On November 30, 2012, the Polish Theatre in Wroclaw held a premiere of Philoctetes, an ancient play directed by Wysocka and staged in Poland for the very first time. On stage, there were only four actors, empty space, bass sounds and a lot of questions: "Should a person excluded from society, sentenced to 10 years of exile, imprisonment and humiliation, forgive his tormentors? What is morality and in what cases does it legitimize violence? What are the higher purpose and the national treasures? Could they justify mass murder? Is it possible for a text written almost 2.5 thousand years ago to still be relevant and sound like a contemporary political thriller?" – as written on the theatre’s website.
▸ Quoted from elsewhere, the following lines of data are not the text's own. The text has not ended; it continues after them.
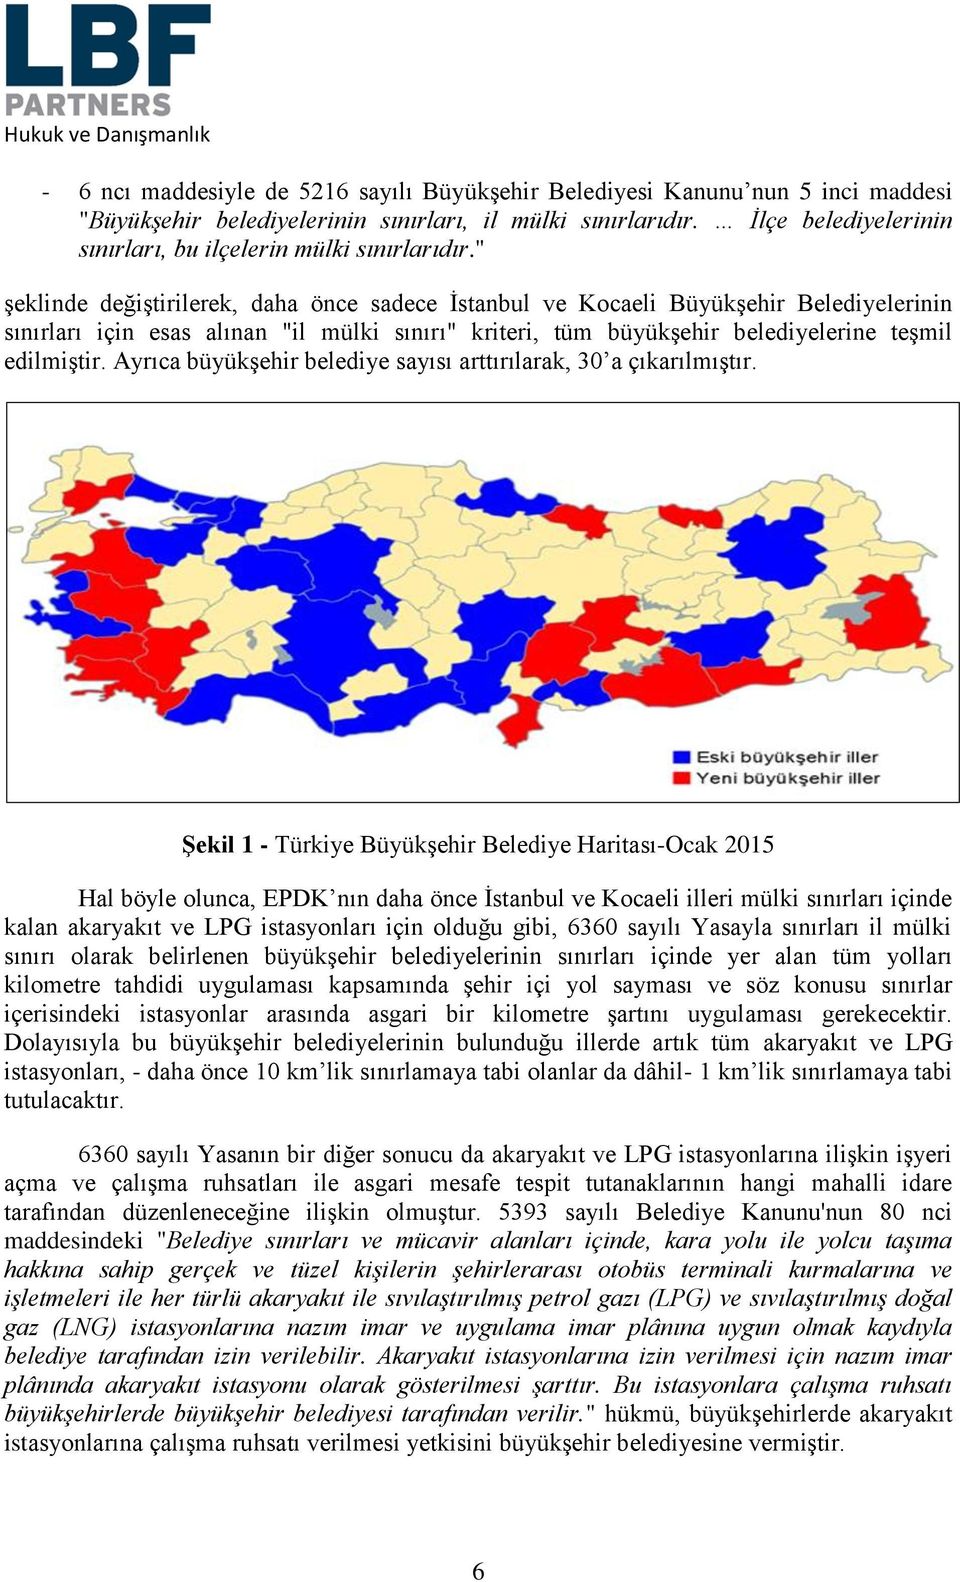 " şeklinde değiştirilerek, daha önce sadece İstanbul ve Kocaeli Büyükşehir Belediyelerinin sınırları için esas alınan "il mülki sınırı" kriteri, tüm büyükşehir belediyelerine teşmil edilmiştir.
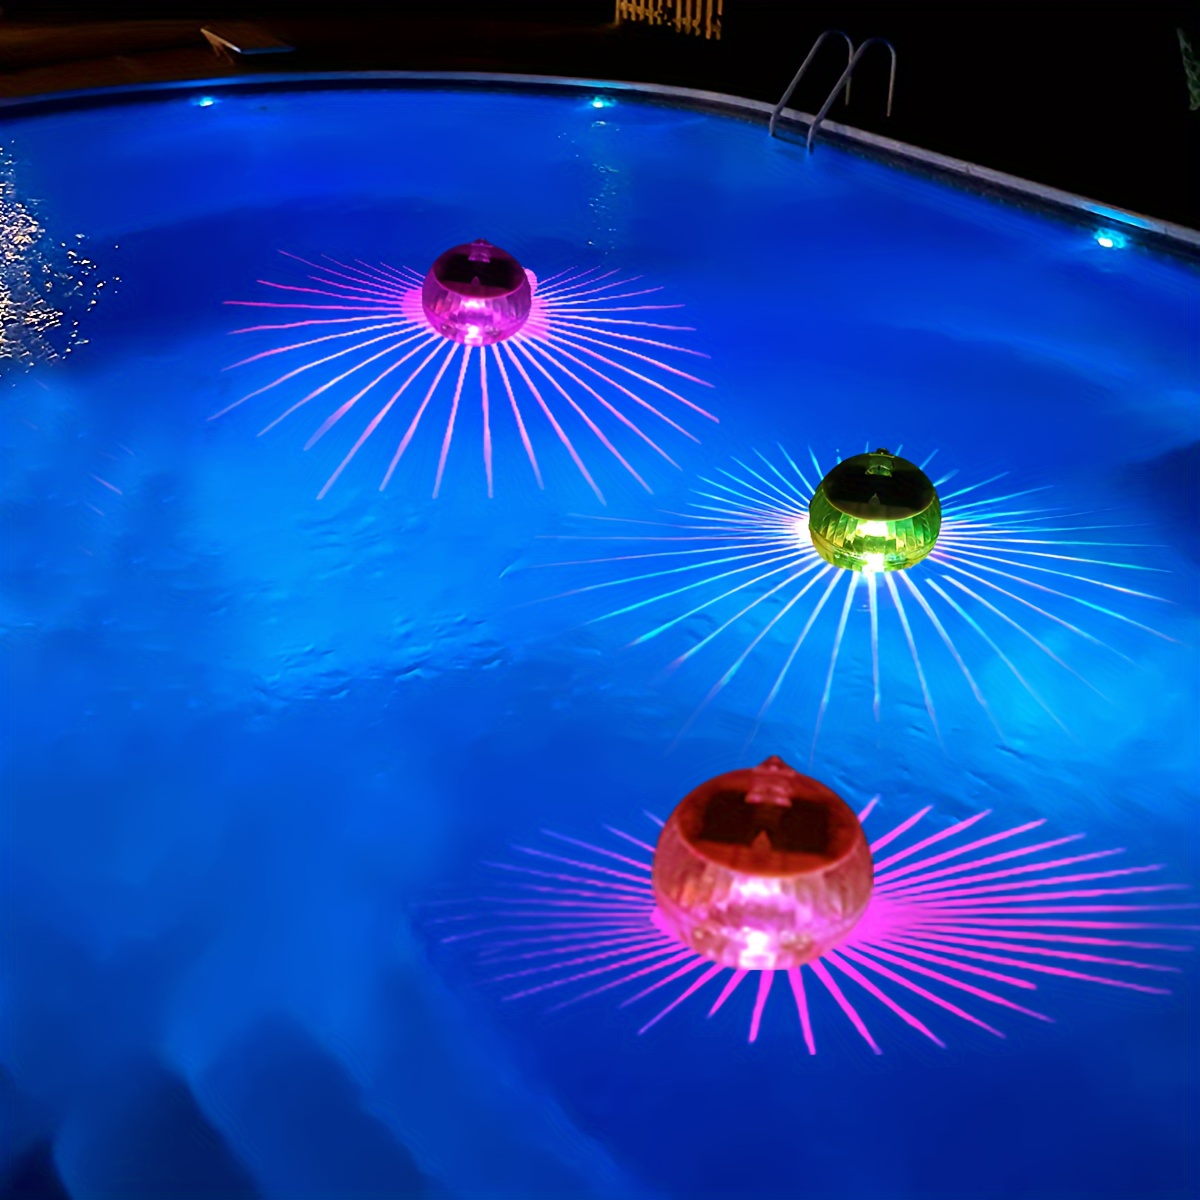 Ultra Night Floating Pool Light,2 Pack Solar Pool Light, 4 Mode
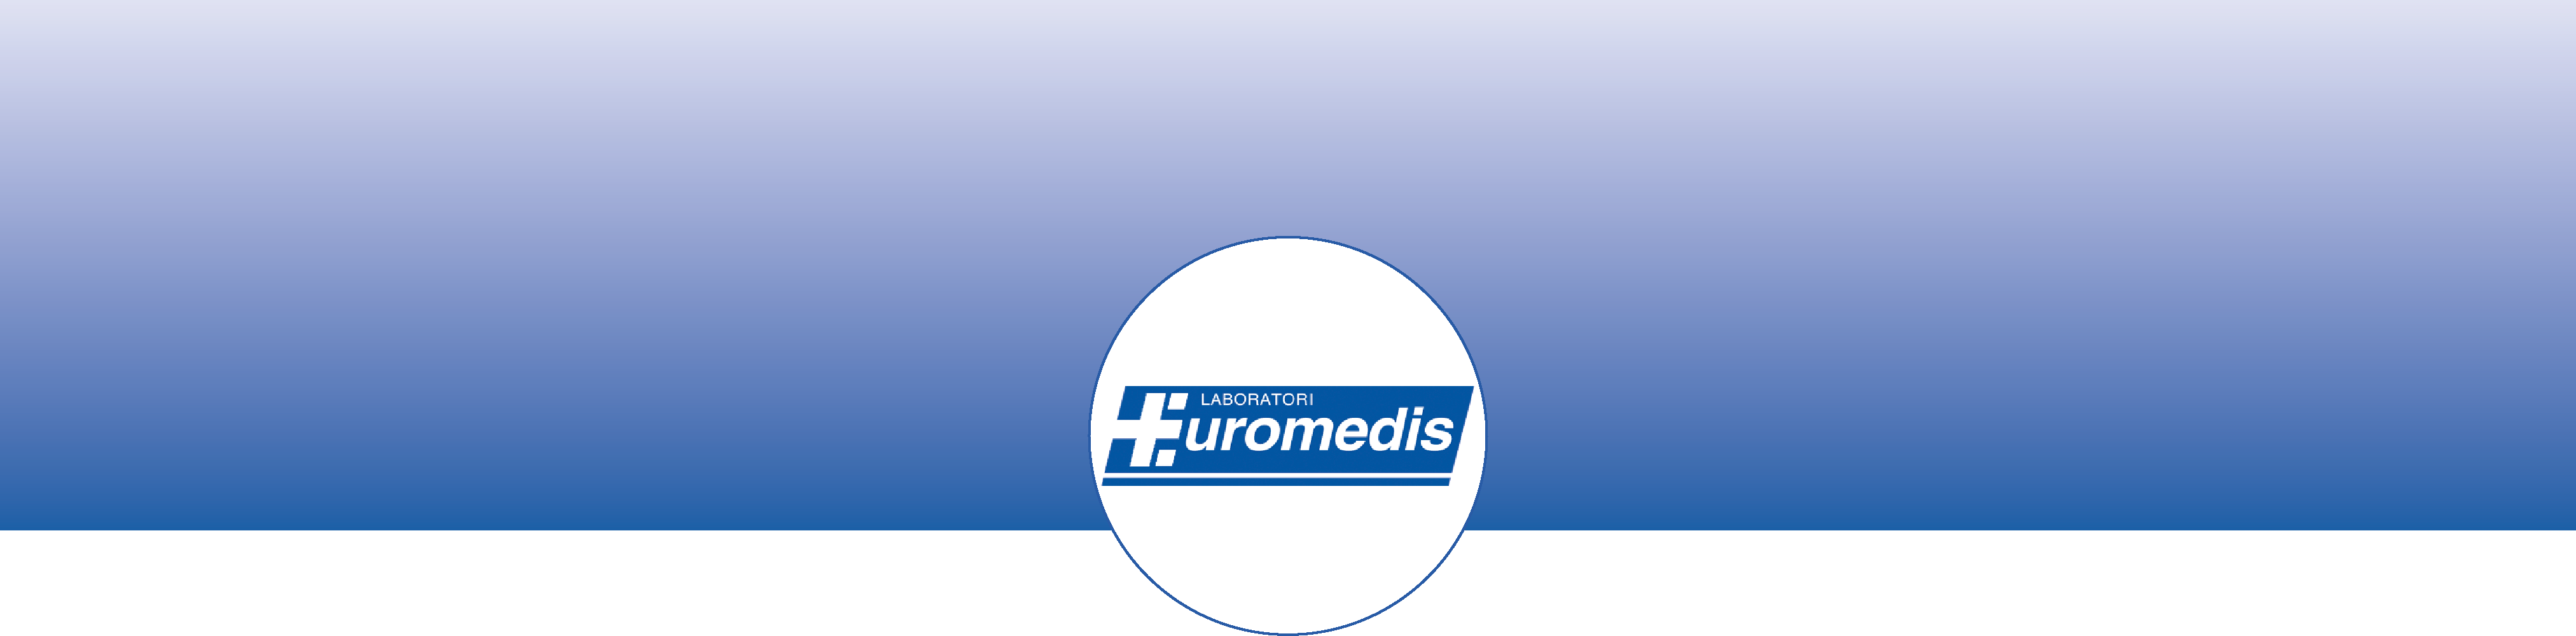 banner_euromedis
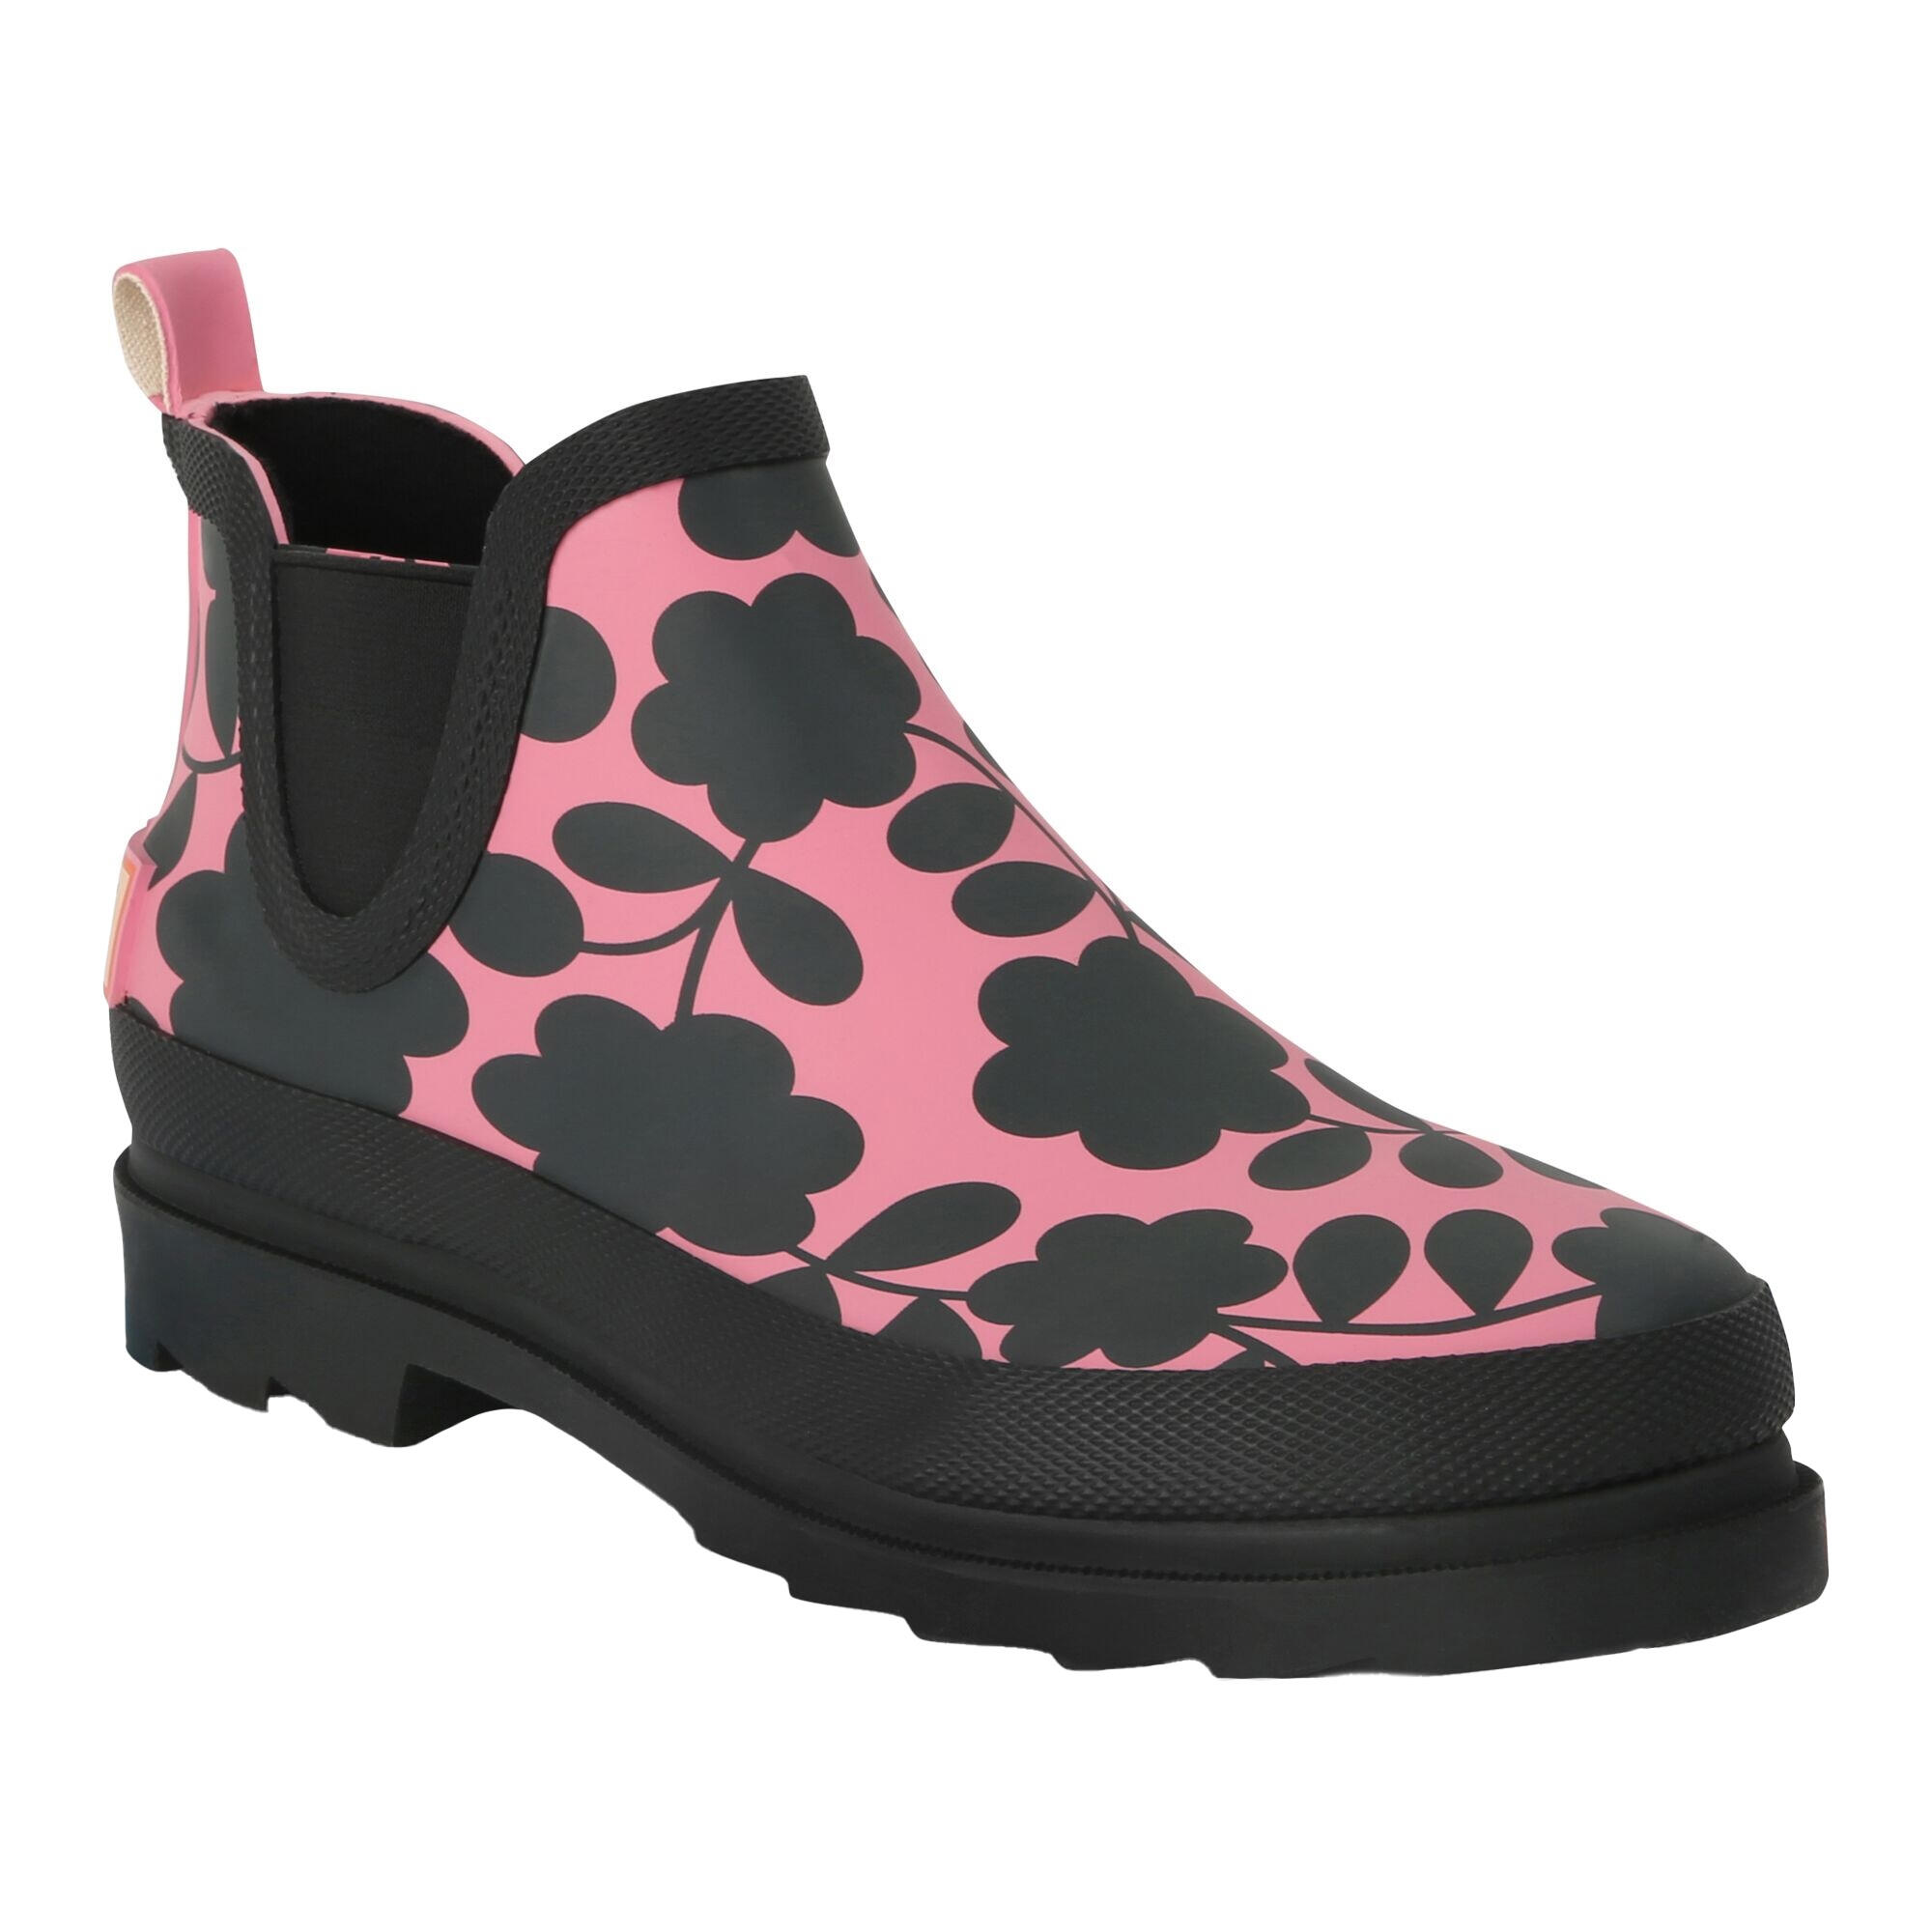 REGATTA Womens/Ladies Orla Kiely Floral Mid Cut Wellington Boots (Pink)

Aneta Kyzioł of Polityka weekly noted: "Wysocka stages the drama, written in 409 BC, as a series of psycho-political negotiations played on a sloping platform, to the accompaniment of guitar riffs (Rafał Kronenberger in the role of the chorus). In addition, it has handsome actors in paramilitary costumes, and carnage at Troy to the rhythm of The Doors’s Riders on the Storm for the finale. A pretty little thing.” The audience rewarded the director with applause, and Magda Piekarska reported in Wroclaw daily Gazeta Wyborcza:
Philoctetes is the second production by Wysocka staged at Polish Theatre in Wrocław. As in Volokolomsk Highway, here she takes a closer look at the masculine world of war and politics. She reconstructs its mechanisms on the stage with pinpoint precision. But while the Highway dazzled with design and the structure of its musical composition, this time we get a much more modest performance. Space is limited here to a square surface, tilted toward the audience and covered with paper, on which appear the names of the heroes of the Trojan War, hand painted by Neoptolemus. Lemnos is nothing like a Greek paradise - a bare piece of land, cold and unpleasant. Neoptolemus wraps himself up in a feather jacket, and it seems that the newcomers with faces half-covered with glasses sailed here not by ship but by submarine. Somewhere in the distance, echoes carry the sound of explosions. And the text of the Greek tragedy combines with the conventions of a political thriller.
The musical talent of the director was also manifested in the performance Jesus Christ the Savior, in which she sang, and sometimes screamed and musically recited, the legendary monologue of eccentric German actor Klaus Kinski. She was accompanied on stage by two musicians – drummer Leszek Lorent and guitarist Bartłomiej Tyciński. She collaborated with Michał Zadara on Chopin Without a Piano during which she executed a literary transcription of the two piano concertos by Frederic Chopin. The performance premiered on 23 March 2013 at the Juliusz Słowacki Theatre in Kraków. The scenario was based on theoretical and philosophical works, biographies, Chopin's letters and interviews with outstanding pianists. Łukasz Drewniak in a review for Teatralny.pl webside wrote:
Chopin by Zadara and Wysocka is a tribute to experimental theatre, which does not betray high culture and becomes a classic right now because of the quality of performance. It is a new tone in Polish theatre which hopefully will not be wasted.
In 2014 Wysocka directed Moby Dick, an opera in four acts based on Herman Melville's novel. The opera was staged at the Grand Theatre – National Opera in Warsaw. The director created images correspond with the music composed by Eugeniusz Knapik and libretto by Krzysztof Koehler. Wysocka admitted it was the music that made her engage into the project.